Refilling the black tank, I put that in the same category as filling up the water in my furnace in my house. Walikng away can be problematic. I refuse to walk away. That being said, I have had water coming out of my first floor steam radiators once already so I assume it will also happen when I never leave the camper. Its only a matter of time!









John


----------



## Dreamtimers (Mar 7, 2005)

Fire44 said:


> Hey Ghosty,
> 
> Been there, done that, have the t-shirt
> 
> ...


With all _DUE_ respect. I hope I never see you or anyone else wearing that T-shirt.







It must look like an all brown version of the "I just ran into Tammy Faye Baker" T-shirt from a few years back.

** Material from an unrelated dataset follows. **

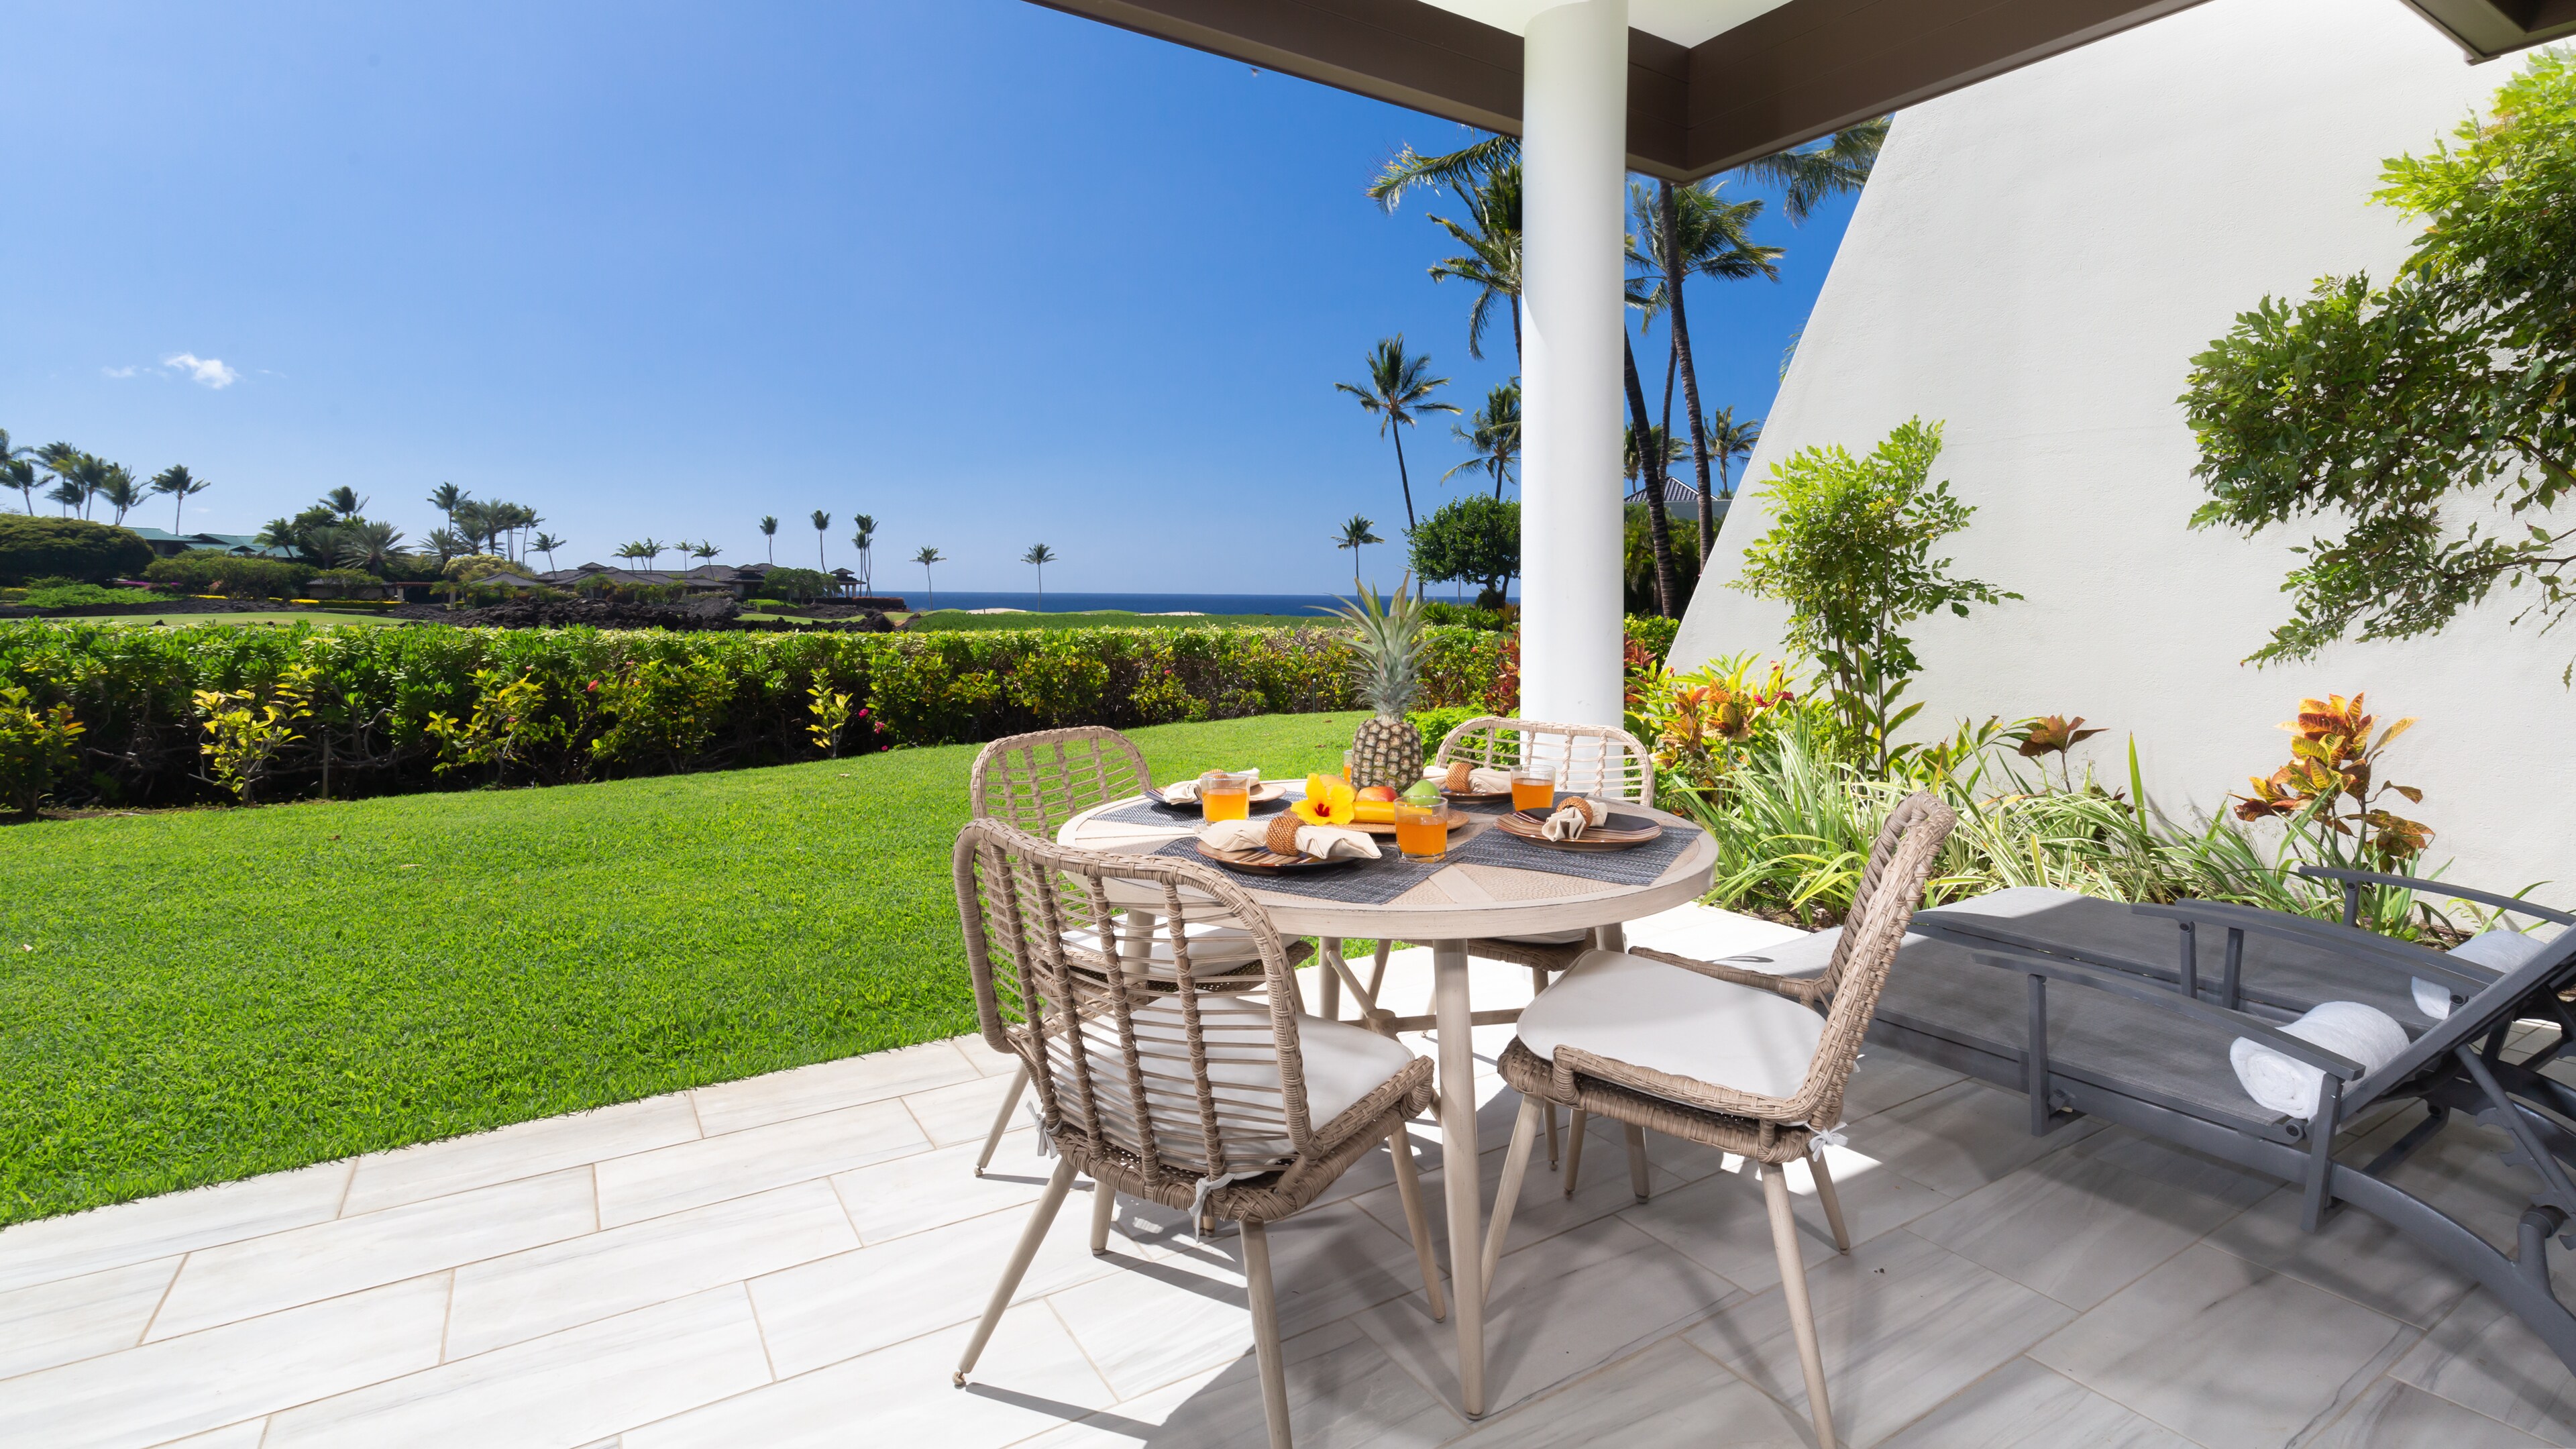 Enjoy an delicious, home-cooked meal on the lanai
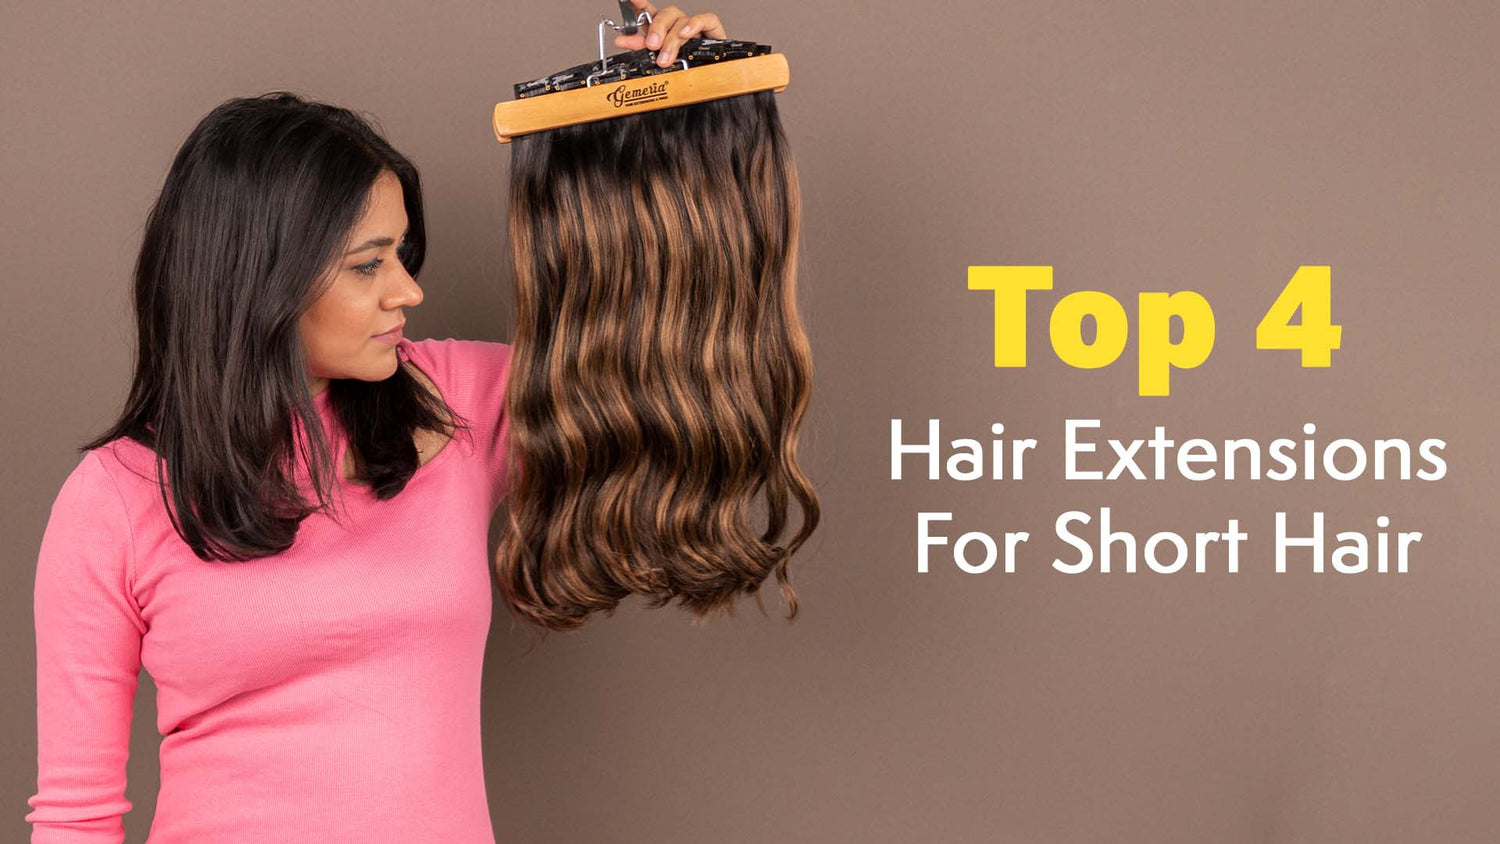 Top 4 Hair Extensions For Short Hair

Now there's a visual to start the day with.























Dreamtimers


----------



## Jay8256 (May 27, 2005)

We have a 2005 28 FRLS, I mention this because I do not know if this unique to this particular model... In the hook up process, got in the awkward position you have to get in to hook up the sewer hose, unscrewed the cap and got about a gallon or so of black/grey water stuff in my lap.... Seems even though both shut offs were correctly closed and all the way in, there may be some problem with vibration going down the Hwy that allows for a little sepage.... Thought it fit here because it was one of the moments when I FORGOT to make sure of something being right before I just jumped into.....
Also been there on the gray water in the shower.... Standing there washing my hair trying to figure out why is what up to my ankles???? Realized 30 gallons means 30 gallons and what the purpose of the status monitors are.....
First time out in this camper, We have only had it 2 months, could not get the water heater to work, nothing but cold water.... Two lessons.... 1st: if you turn on the Gas and Electric the Electric will not work..... 2nd: You have to turn ON the propane BEFORE you can use the Gas.....

Happy Camping........
Jim


----------



## mswalt (Sep 14, 2004)

I thought I'd mentioned this already, but must have been in another post......Make sure, MAKE SURE, the bed support rails are on the trailer BEFORE pulling out the rear bed!!!

I guess my mind was somewhere else when setting up camp one afternoon at the Guadalupe River Resort......started pulling out the rear queen when it started to drop down. Luckily I had a pretty good hold on it (and I'm a big guy!) and could support it and got it back up while yelling for the DW to COME HELP! She came running and we got it set up correctly.

Point is, THINK!

Mark


----------



## California Jim (Dec 11, 2003)

Kinda been there and done that too









Left the Quickie Flush running with the black valve closed. Heard the same scream from the wife right after the big BOOM. Luckily no debris to deal with. Just a toilet sitting 5" higher than the floor


----------